Database analysis pinpoints the key signature genes of endometrial oncogenic progress

To further confirm the correlation between LCN2 and SAA1/2 expression and endometrium cancer, we analyzed The Cancer Genome Atlas (TCGA) cohorts and observed significantly upregulated LCN2 and SAA1/2 expression in EEC cases compared with normal samples (Fig. 5a). Patients with high-risk score which was calculated for the LCN2 and SAA1/2 signatures in endometrial lesion had significantly lower survival rate across TCGA EEC cohorts (Fig. 5b), suggesting that we identified a common subpopulation underlying high-risk subtypes.

Fig. 5: Oncogenic subpopulation has implications for EEC patients' survival.
figure 5

a According to the TCGA EEC data, the expression of LCN2, SAA1, and SAA2 was significantly elevated in EEC subjects (t test, two-sided, p values are noted). Normal samples: n = 35, EEC samples: n = 411. The expression level of each gene is visualized by log2(TPM + 1). Bar plots show the median (center), 25–75 percentile (box), and lower whisker = smallest observation greater than or equal to lower hinge−1.5 * IQR (interquartile range); upper whisker = largest observation less than or equal to upper hinge + 1.5 * IQR (Source data are provided as a Source Data file). b Combination with LCN2 and SAA1/2 predicted a disease outcome across TCGA EEC cohorts. The median was set as the cut-off value to stratify EEC patients into low-risk and high-risk groups. The endpoint was 100 months. Survival curves were compared via Log–rank test and visualized by Kaplan–Meier method.
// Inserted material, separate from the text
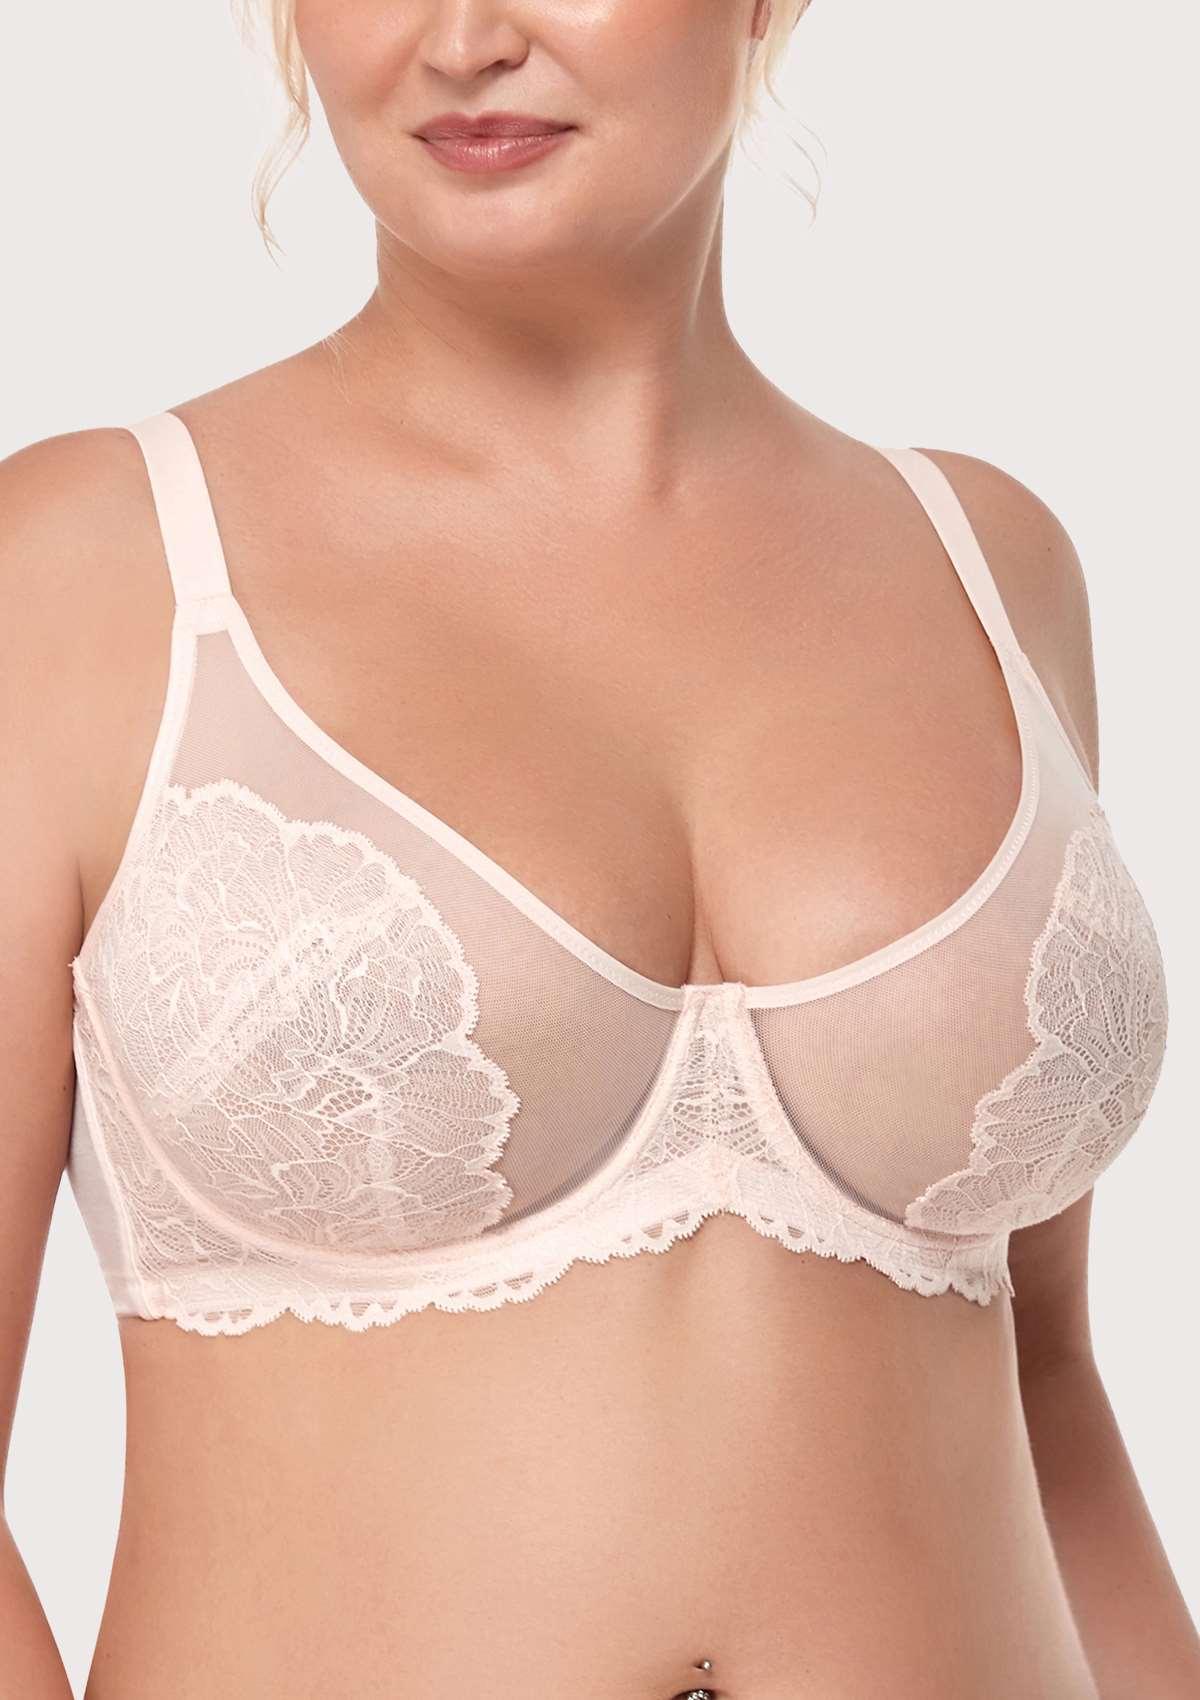 HSIA Blossom Matching Lacey Underwear And Bra Set: Sexy Lace Bra - Dusty Peach / 36 / H

We also found some candidate genes specifically expressed in EEC, such as DKK4, CST1, and NOTUM that are highly expressed in EEC but rarely in AEH (Fig. 4a, b). In conclusion, our study demonstrated that an intrinsic LCN2 + /SAA1/2+ epithelial cell subpopulation serves as an early marker of EEC, and the development of DKK4, CST1 and NOTUM expression may be a warning sign of the final cancerous stage.

Stromal fibroblasts might be indispensable in both normal endometrium and EEC

In addition to being driven by its intrinsic changes, the progression of tumors is also affected by the tumor microenvironment (TME). Previous studies suggest that normal stromal cells may be induced into cancer-associated stromal fibroblasts (CAFs) to promote tumor growth17,33. Therefore, we characterized the stromal fibroblast in tumorigenesis to determine how stromal fibroblasts converted in EEC and how they influenced the progression of tumor.
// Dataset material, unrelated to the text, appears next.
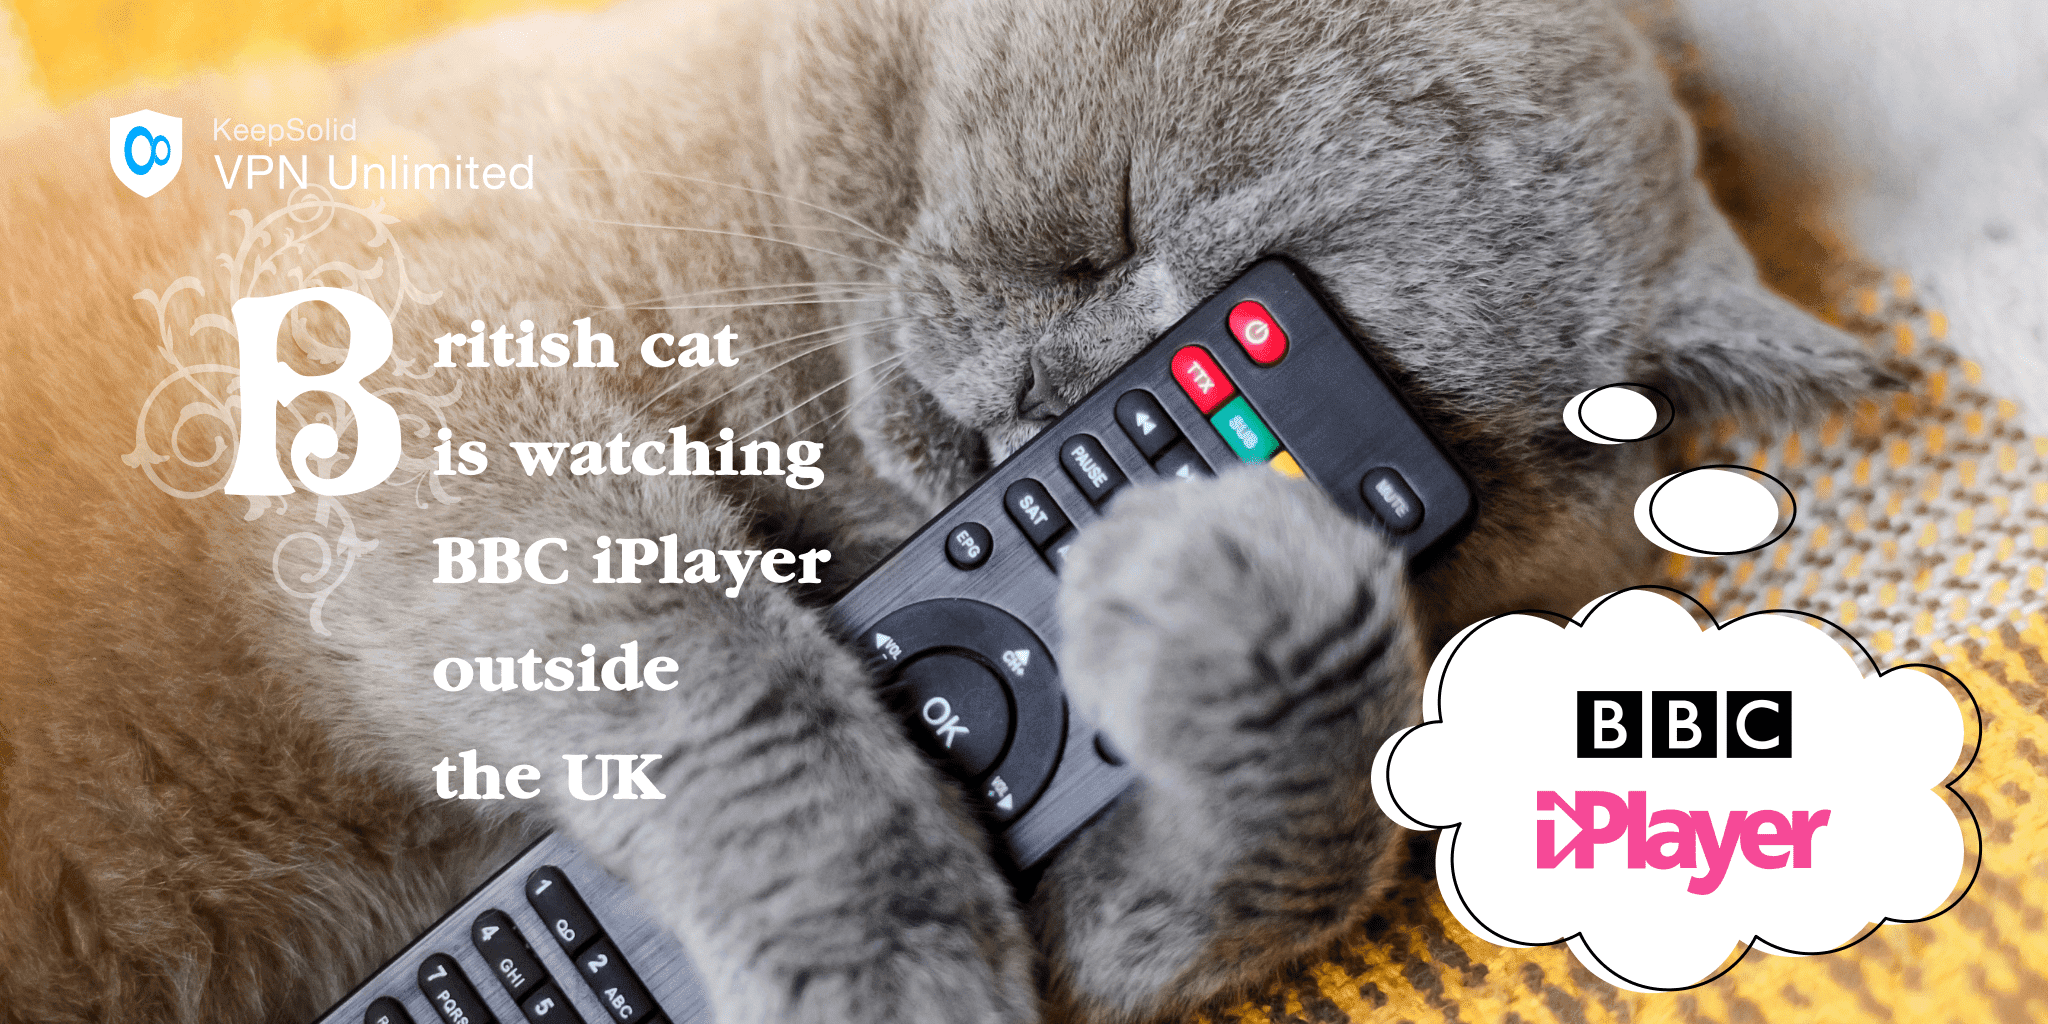 British cat sleeping with a TV remote after watch BBC iPlayer with VPN Unlimited

Unlike in epithelial cells, the CNVs and heterogeneity of cell clusters in stromal fibroblasts showed insignificant transcriptome variations among normal, AEH, and EEC (Fig. 1f, g and Supplemental Fig. 3c). And t-SNE map showed well overlap of stromal fibroblast single-cells between normal endometrium and EEC (Fig. 6a and Supplemental Fig. 7a). The composition of the stromal environment is defined by expression of cell-associated markers (Fig. 6b). Generally, based on expression of marker genes, we identified pericyte (positive for PDGFRB and RGS5), myofibroblast (positive for ACTA2 and TAGLN), and MKI67 + cell populations (Fig. 6c). FindMarker function is used to further define other populations, and we defined WNT niche related fibroblast (positive for WNT2 and WNT4) and BMP + fibroblast (positive for BMP3, BMP4 and BMP7) (Fig. 6b, c) groups. Although WNT2 and WNT4 did not show exclusive enrichment by visualization of tSNE map (Supplemental Fig. 7b), KEGG analysis showed that the WNT signaling pathway was enriched in WNT niche-related fibroblasts (Fig. 6d), confirming our cluster definition. The cell type composition analysis manifested that the proportion of BMP subtype of stromal cells increased slightly, while that of WNT subtype, pericyte, and myofibroblast did not change significantly (Fig. 6e).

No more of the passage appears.